What to work on: Leave every image behind and restate the data word for word.

Data excerpt:
= = = =

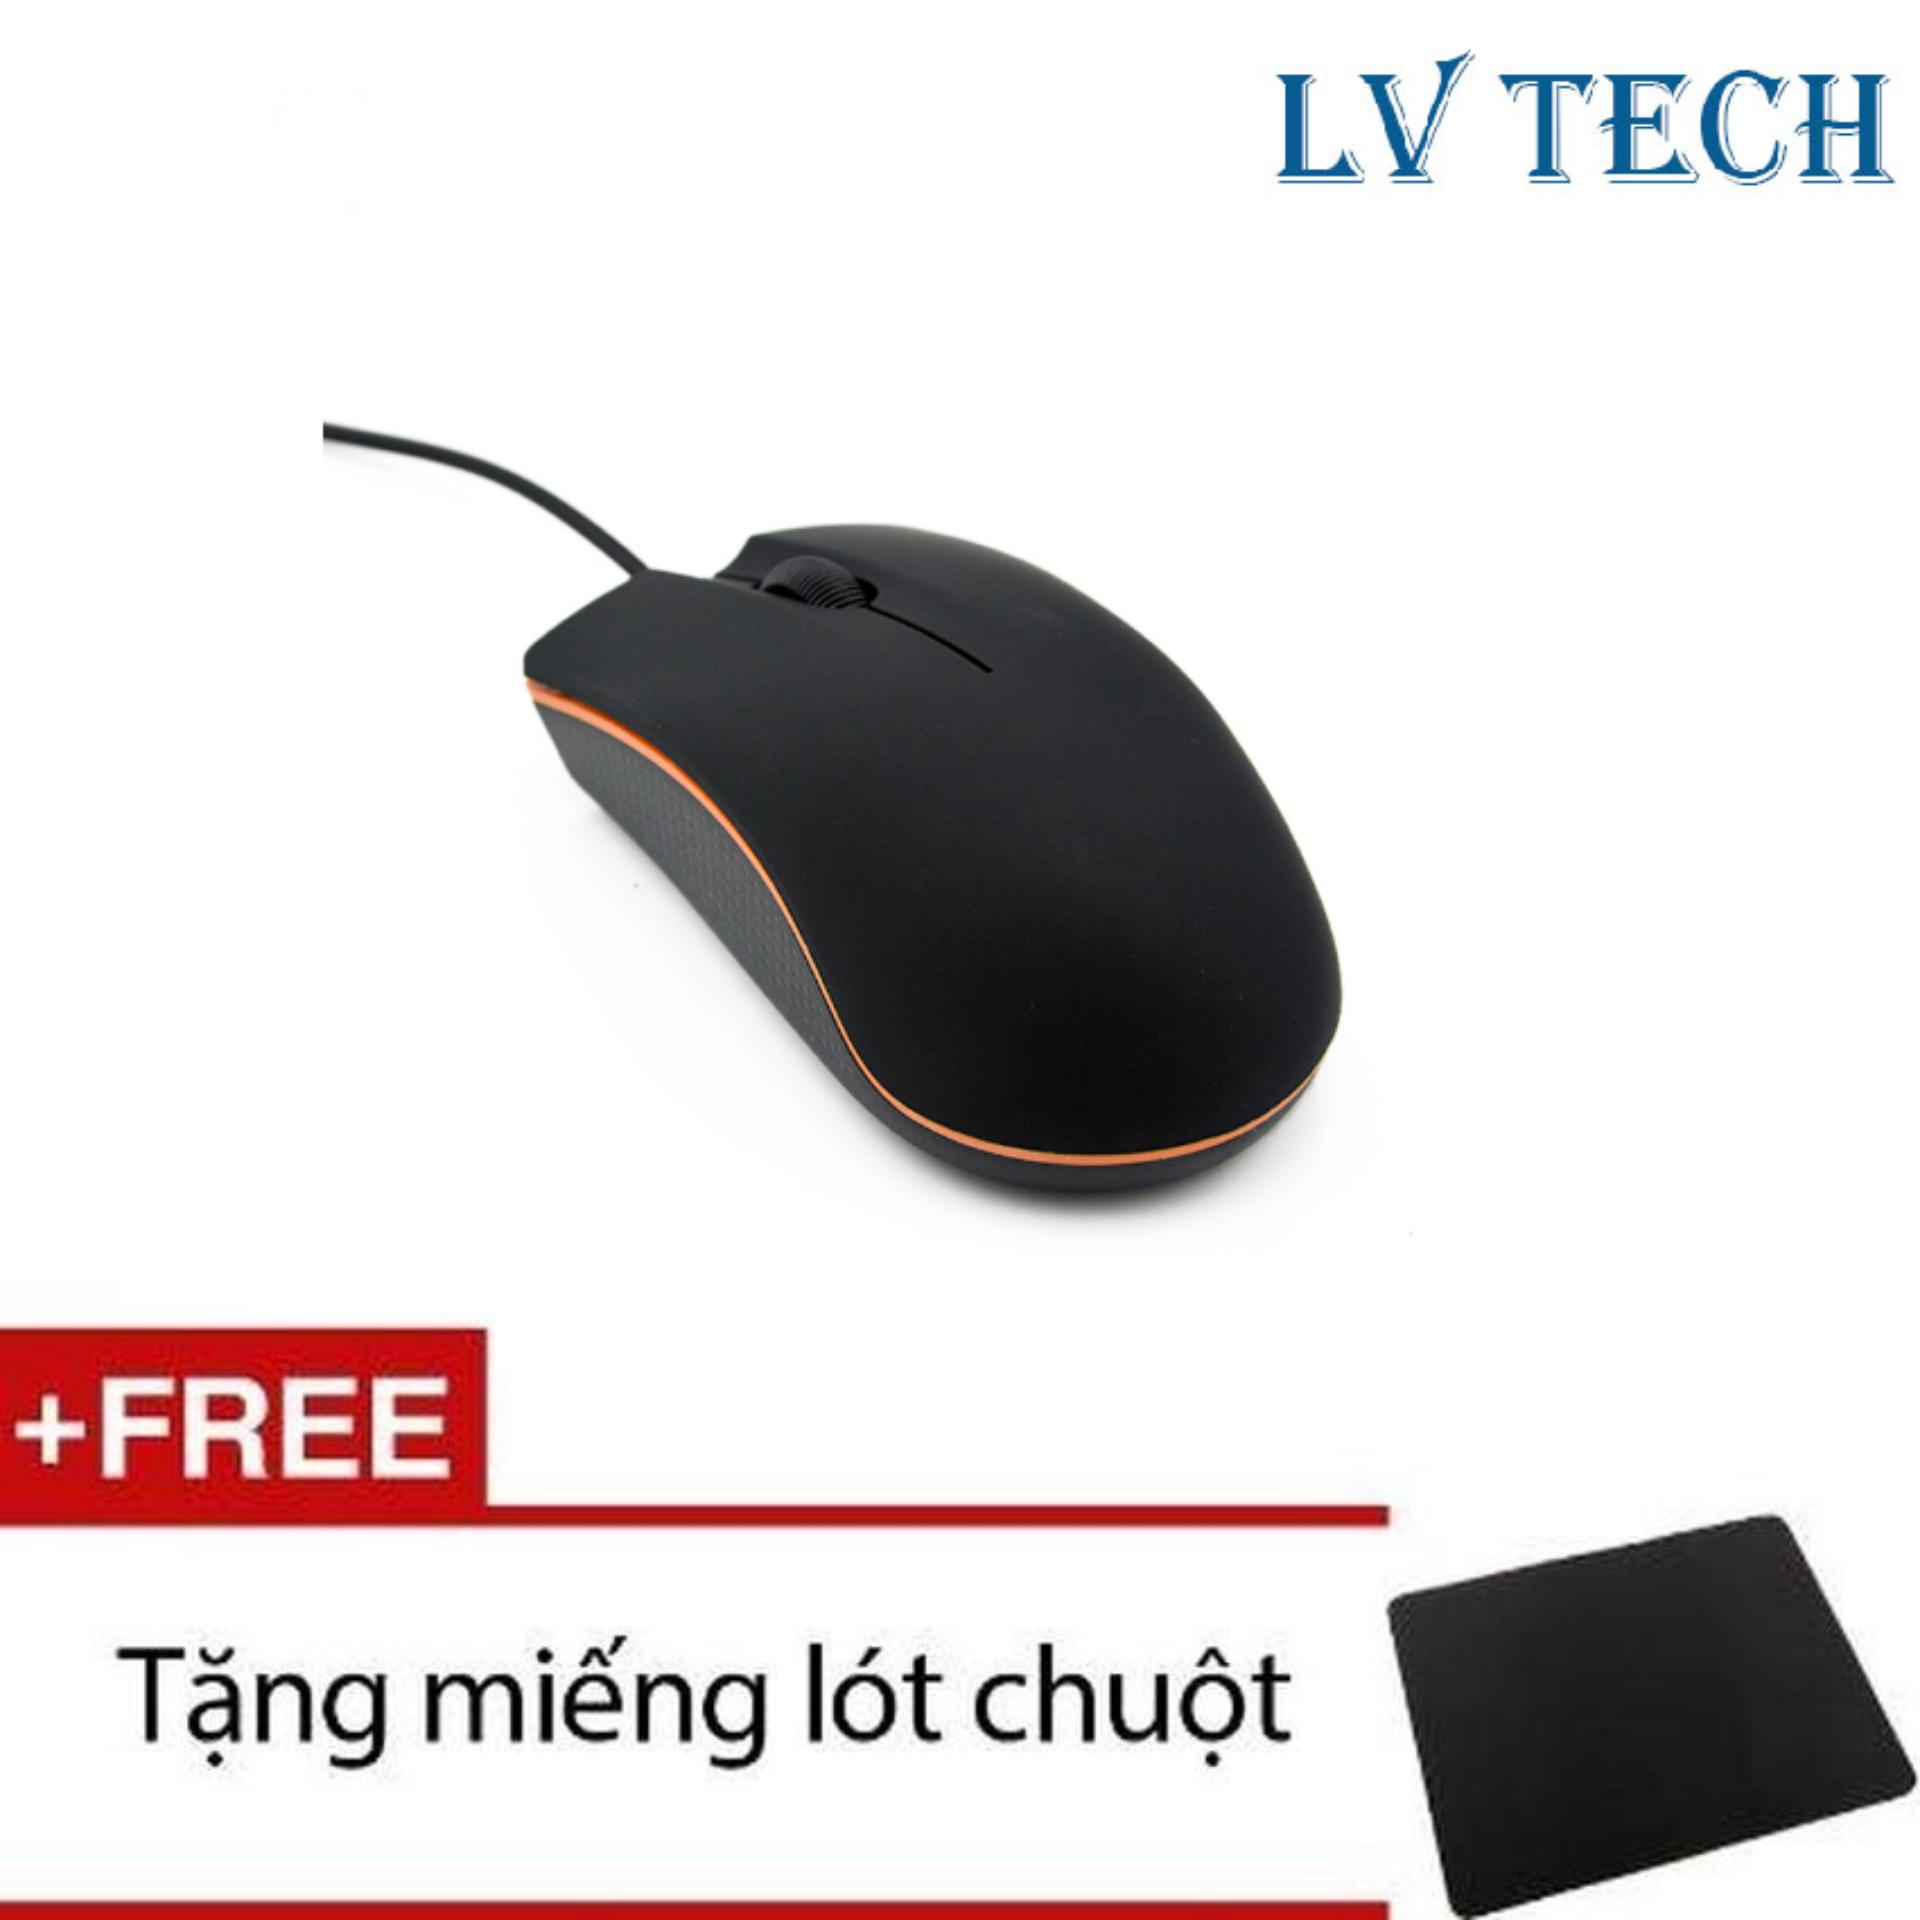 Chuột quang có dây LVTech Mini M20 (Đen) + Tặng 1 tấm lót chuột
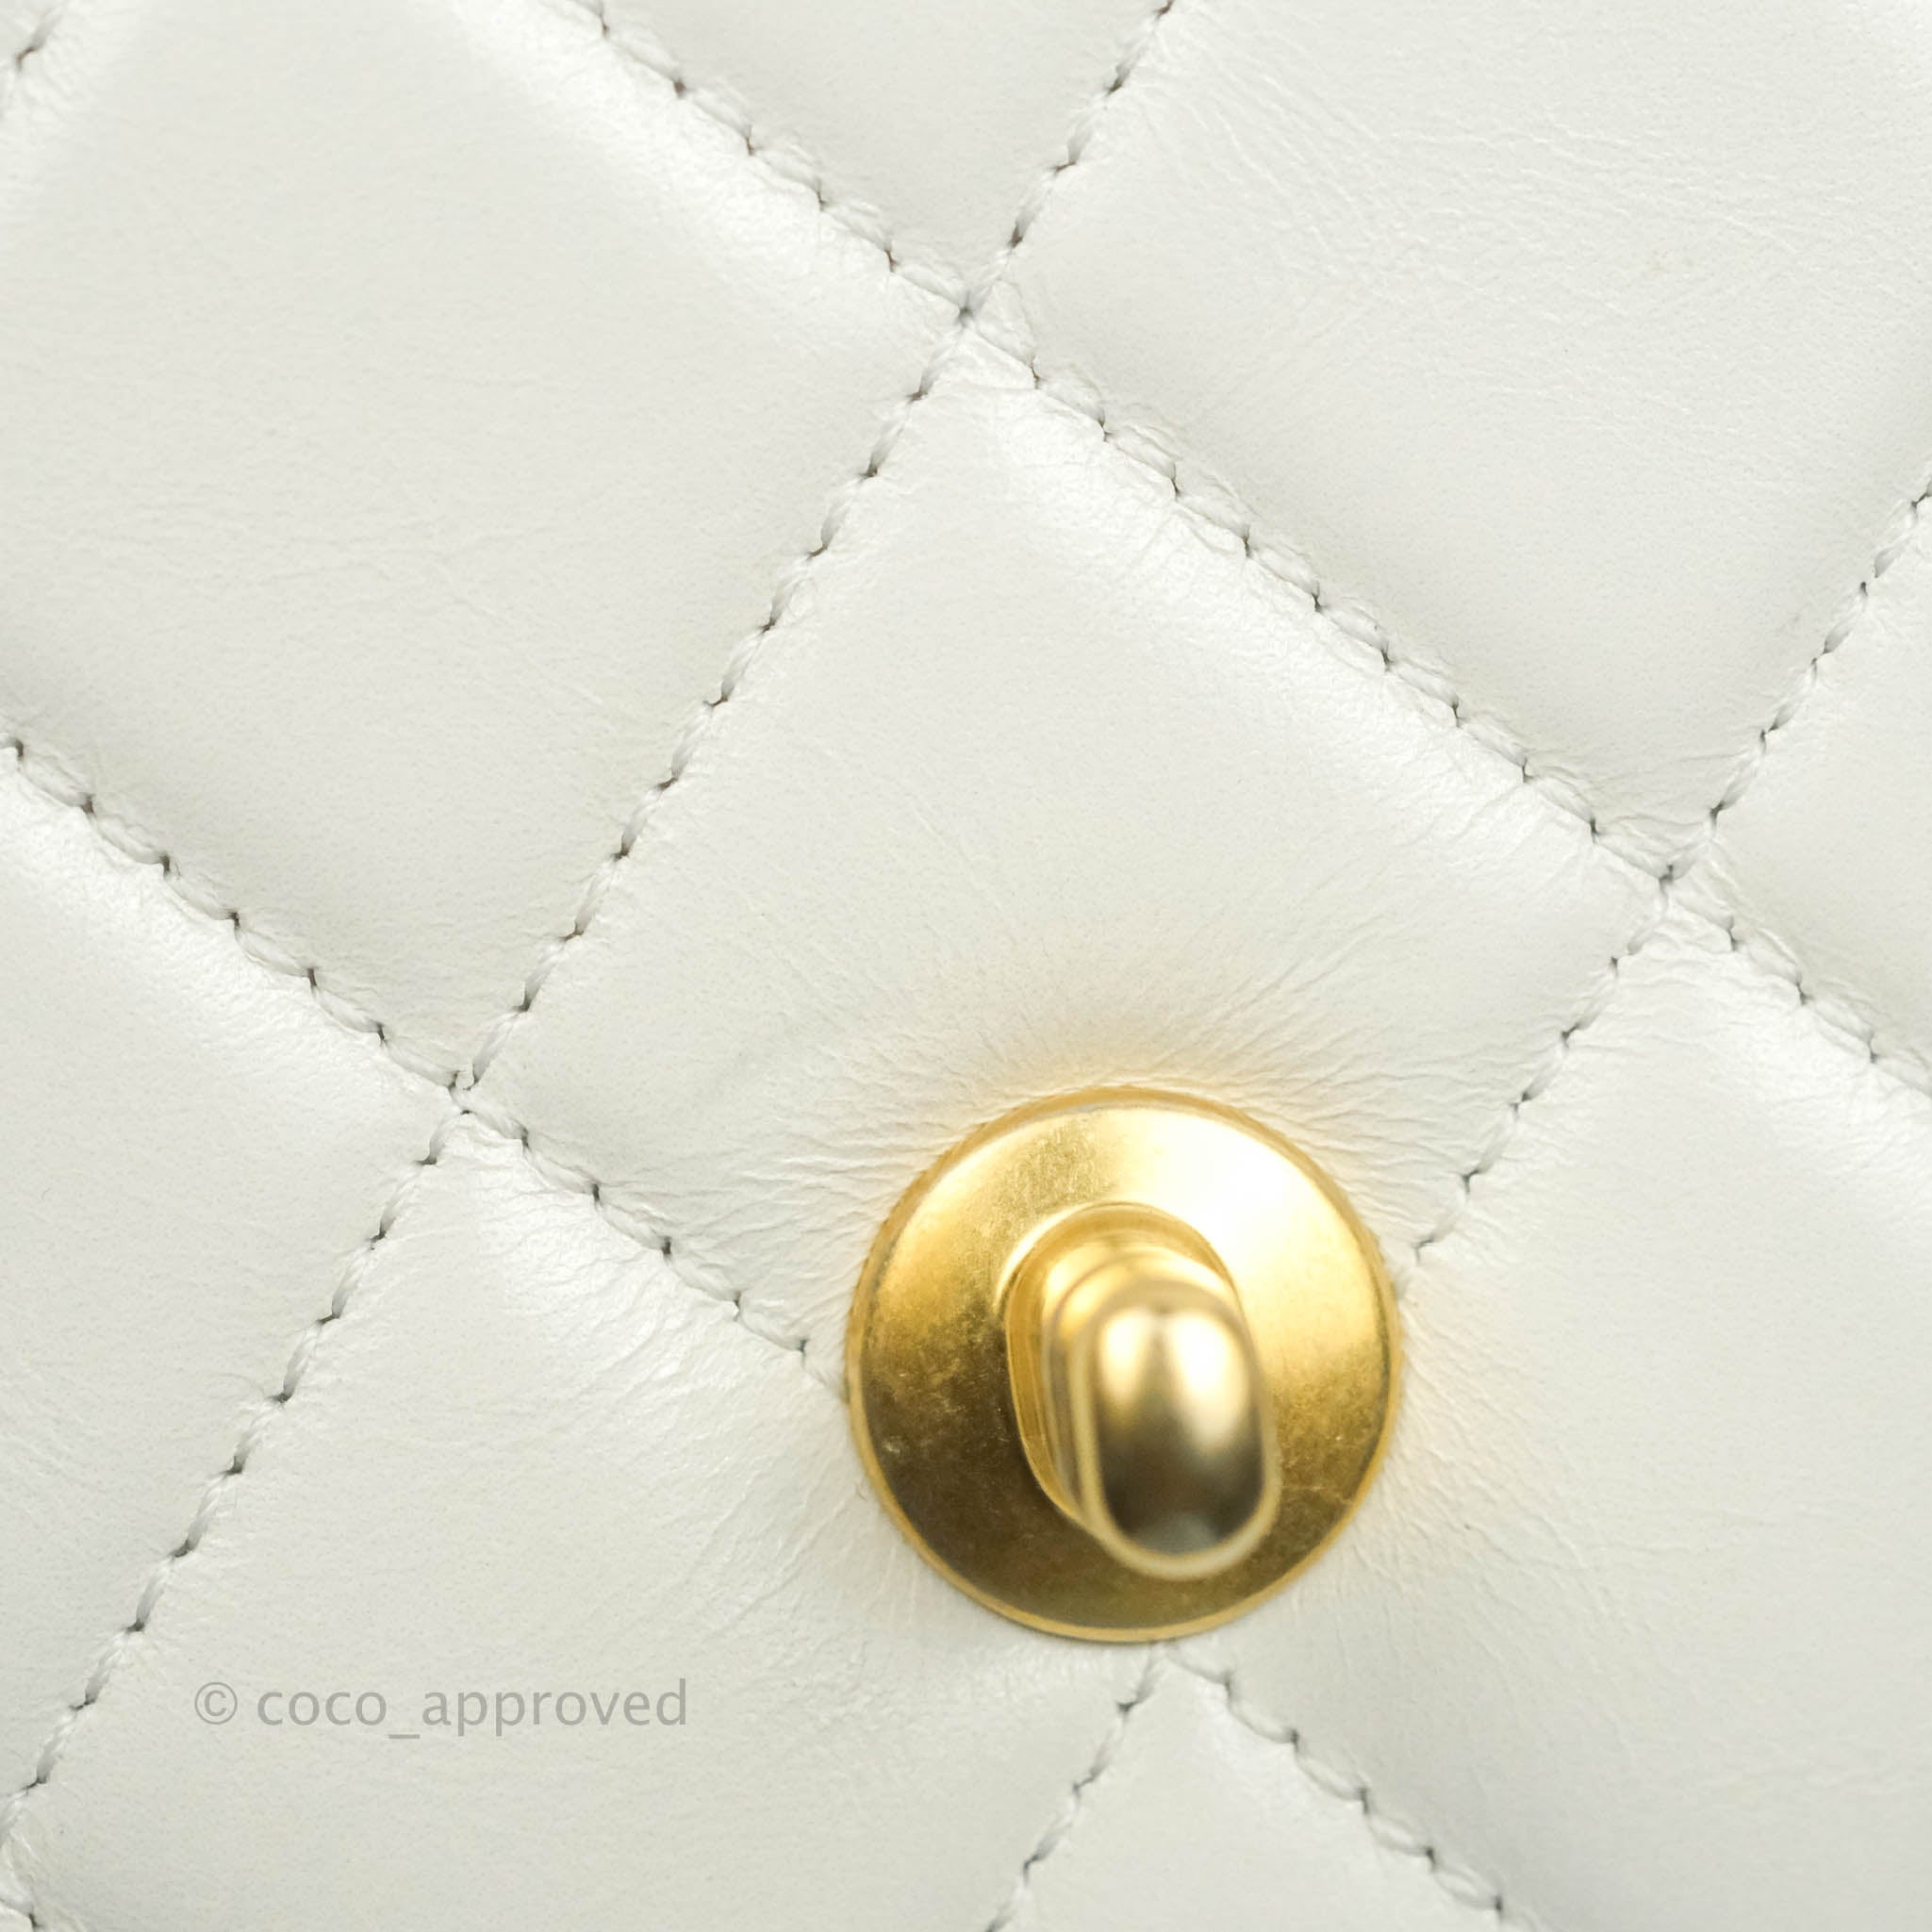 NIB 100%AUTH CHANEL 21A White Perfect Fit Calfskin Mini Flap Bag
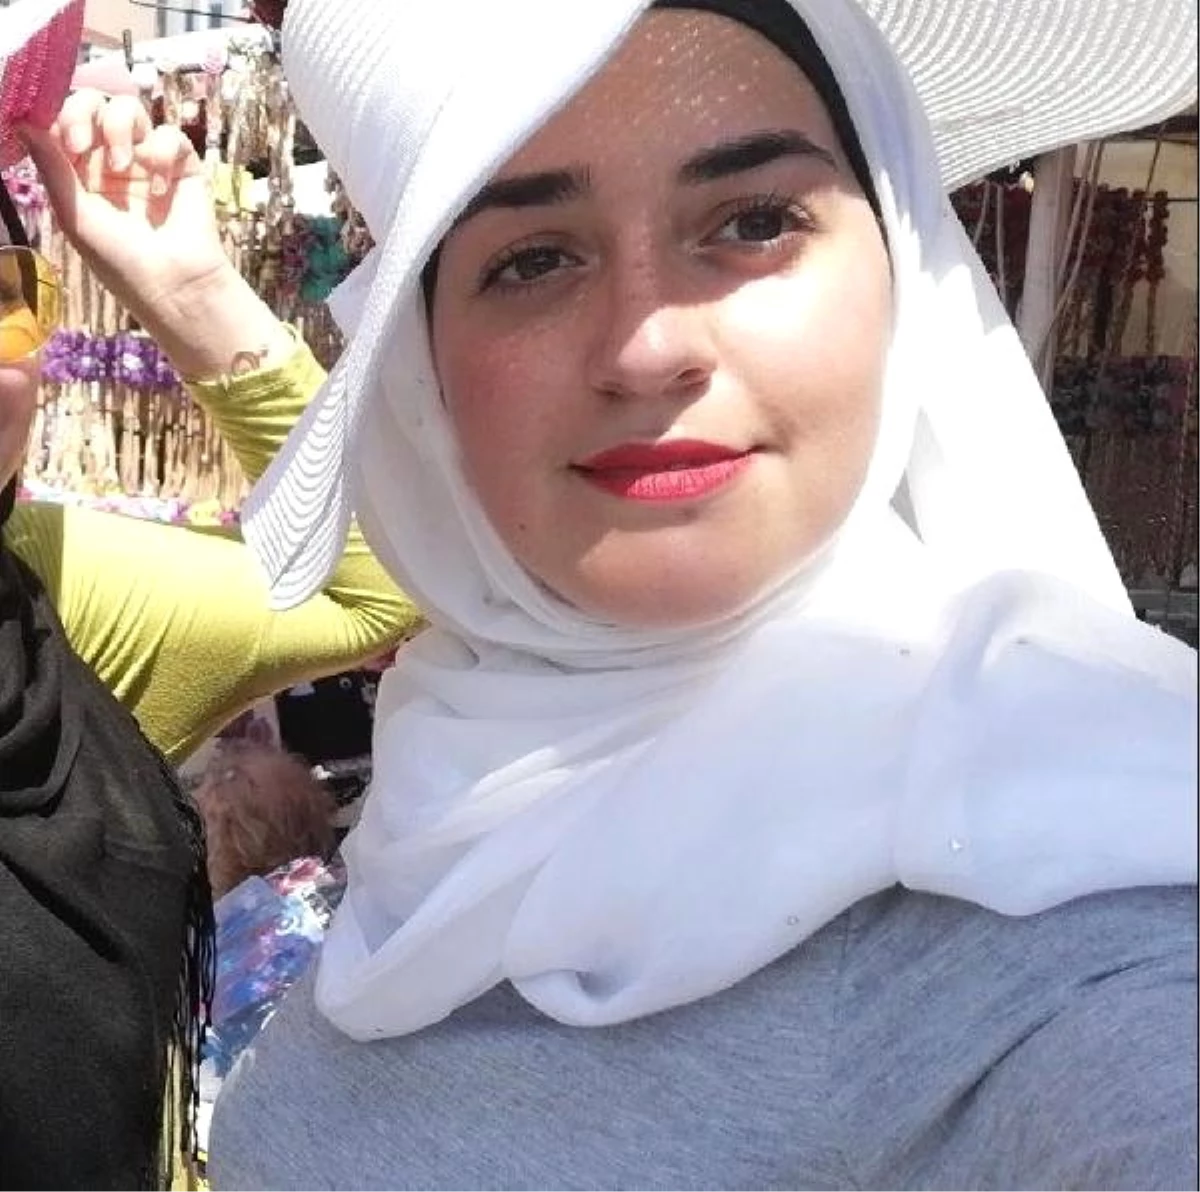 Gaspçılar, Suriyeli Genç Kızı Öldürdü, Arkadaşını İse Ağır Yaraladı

= = = =

Problem solution:
 Chuột quang có dây LVTech Mini M20 (Đen) + Tặng 1 tấm lót chuột
 NIB 100%AUTH CHANEL 21A White Perfect Fit Calfskin Mini Flap Bag
 Gaspçılar, Suriyeli Genç Kızı Öldürdü, Arkadaşını İse Ağır Yaraladı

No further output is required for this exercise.